Because the text of the Senate version wasn’t identical to the House, it had to go back to the House for approval. The first time this happened, in May, the House approved the bill, with Moulton voting in favor.
Finally, in June, following further Senate action that changed the bill’s text, the House voted on the final iteration. It passed, 358-32. Moulton was not present for that vote. The bill went on to President Donald Trump, who said he wouldn’t sign it unless the Senate passed an unrelated voting bill called the SAVE America Act. The housing bill is on track to become law as long as Trump doesn’t veto it.
When the bill came up in the Senate, Markey voted several times in favor of it.
The legislation would expand access to mortgages under $100,000 through a pilot program backed by the Federal Housing Administration; increase the maximum loan limits for federal mortgage insurance programs; limit environmental review processes to accelerate homebuilding; and bar large corporations and institutional investors from purchasing new single-family homes unless expressly for the rental market.
Markey: “I support Medicare for All. Congressman Moulton does not support Medicare for All.”
This is accurate.
Markey is a co-sponsor of the Medicare for All bill filed in the Senate in 2025. Moulton has not sponsored the House bill.
Markey has supported Medicare for All for several years to provide healthcare to all residents.
During Moulton’s 2019 bid for president, he did not support Medicare for All and called for improving Obamacare instead. Moulton said at the time that he thought consumers should be able to keep their private insurance.
“We need to make sure that everybody in America has access to quality affordable health care,” Moulton said in 2019. “And I don’t think we do that by forcing everyone onto a government one-size-fits-all program designed in 1963.”
Moulton said during the debate that he supports allowing people to keep their healthcare plan or get Medicare if they want it.
Moulton: When the Green New Deal “came up for a vote,” Markey voted present.
This needs context.
Markey, one of the chief Green New Deal authors and proponents, introduced the nonbinding resolution to curb climate change and protect the environment in 2019 and reintroduced it in 2023. It never gained universal support, even among Democratic lawmakers, and didn’t make it to a House vote.
The vote Moulton referred to was in March 2019. Markey voted “present,” as did nearly all Democrats in a vote pushed through by Republican leadership.
Senate Majority Leader Mitch McConnell took up the bill to force Democrats to take a stand before the 2020 election. Forty-three Democrats voted “present” rather than voting yes or no. Democrats called the vote a sham and said Republicans were blocking public debate.
“Climate change is not a joke,” Markey said at the time. “Mocking it is shameful.”
Four Democrats joined 53 Republicans in opposing the resolution, so it failed to move forward.
Markey: Moulton voted for the $1 trillion Trump defense budget in December.
Moulton: “I voted against it.”
Markey’s statement is cherry-picked.
Congress passes two kinds of legislation relating to the Pentagon. One is an appropriations bill, which provides funding. The other is an authorization bill, which addresses policies and administrative matters; it does not directly fund government activities.

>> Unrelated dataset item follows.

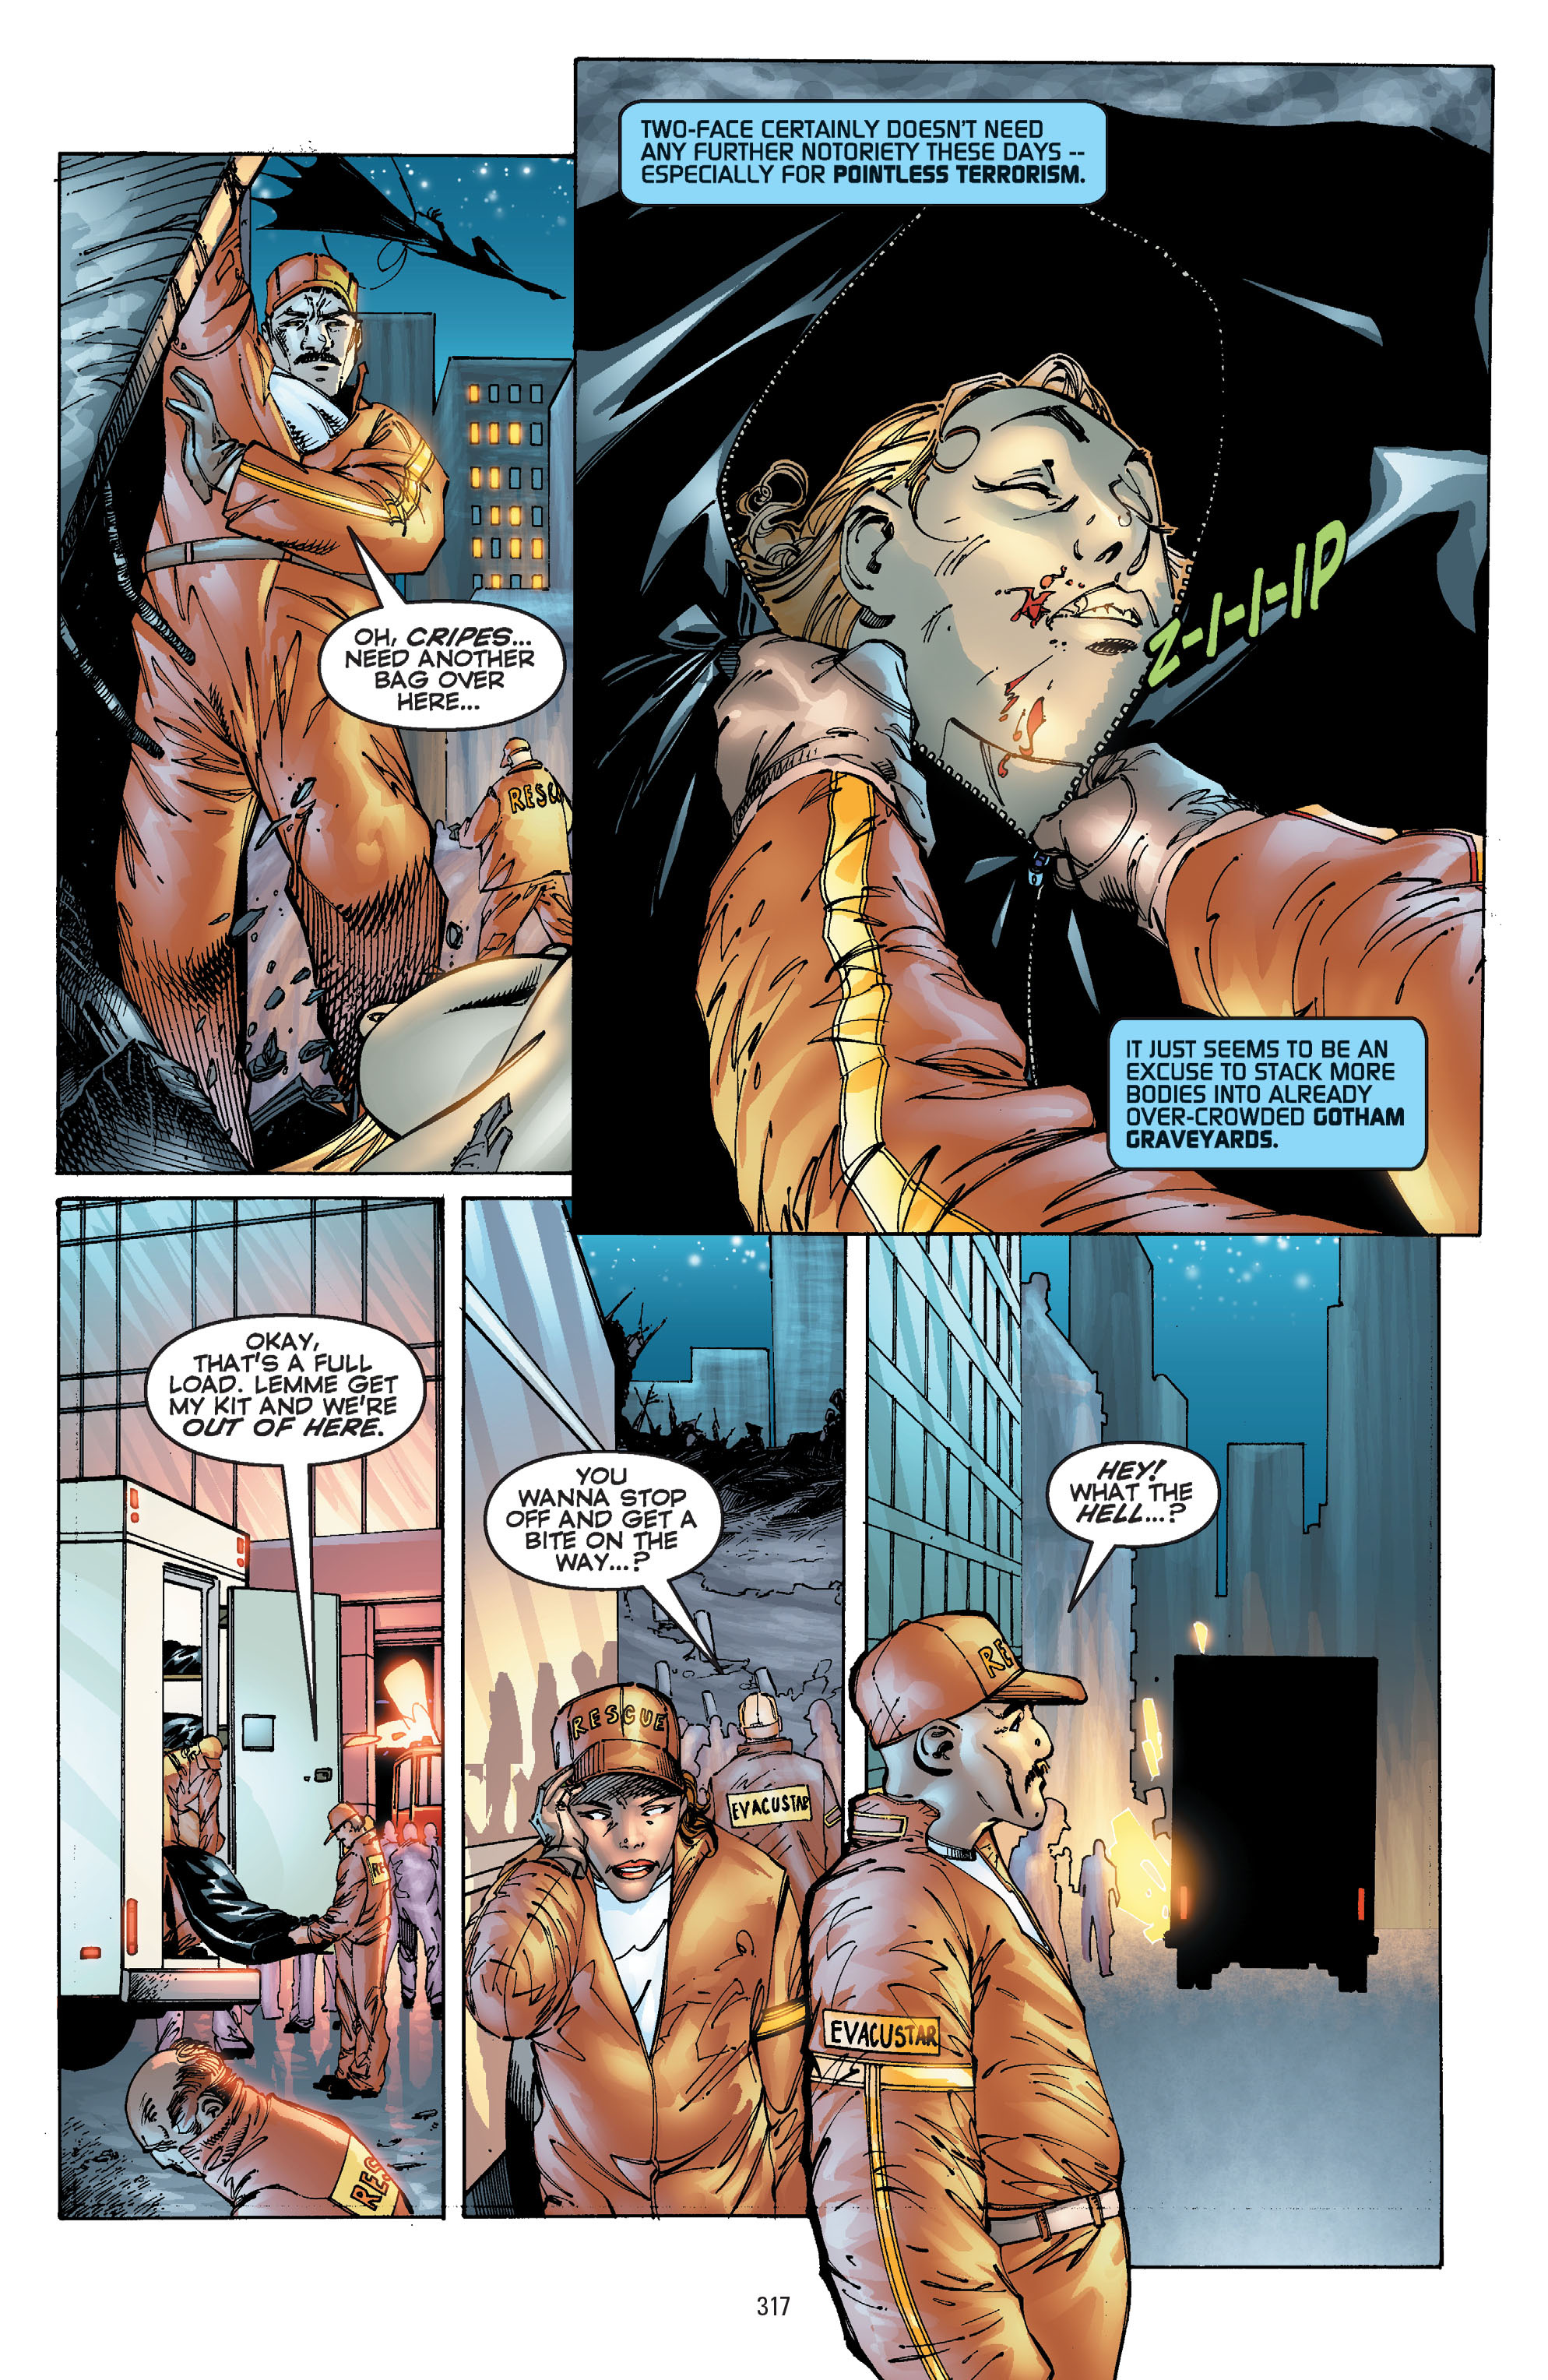 DC Comics/Dark Horse Comics: Justice League Full #1 - English 307

Moulton — who served four tours in Iraq and retired as a captain — voted for a December 2025 authorization bill. He announced it with a news release that said the bill included “key provisions to provide robust oversight of the Defense Department, add guardrails to prevent the politicization of the military, overhaul the defense acquisition system to make it more efficient, and reinforce America’s commitment to our allies.”
Strictly speaking, this vote did not provide $1 trillion in Pentagon funding. When an appropriations measure that included defense spending came up in January and February 2026, Moulton voted against it both times. He also voted against an earlier appropriations bill in July 2025, and he voted against a subsequent authorization bill in June 2026.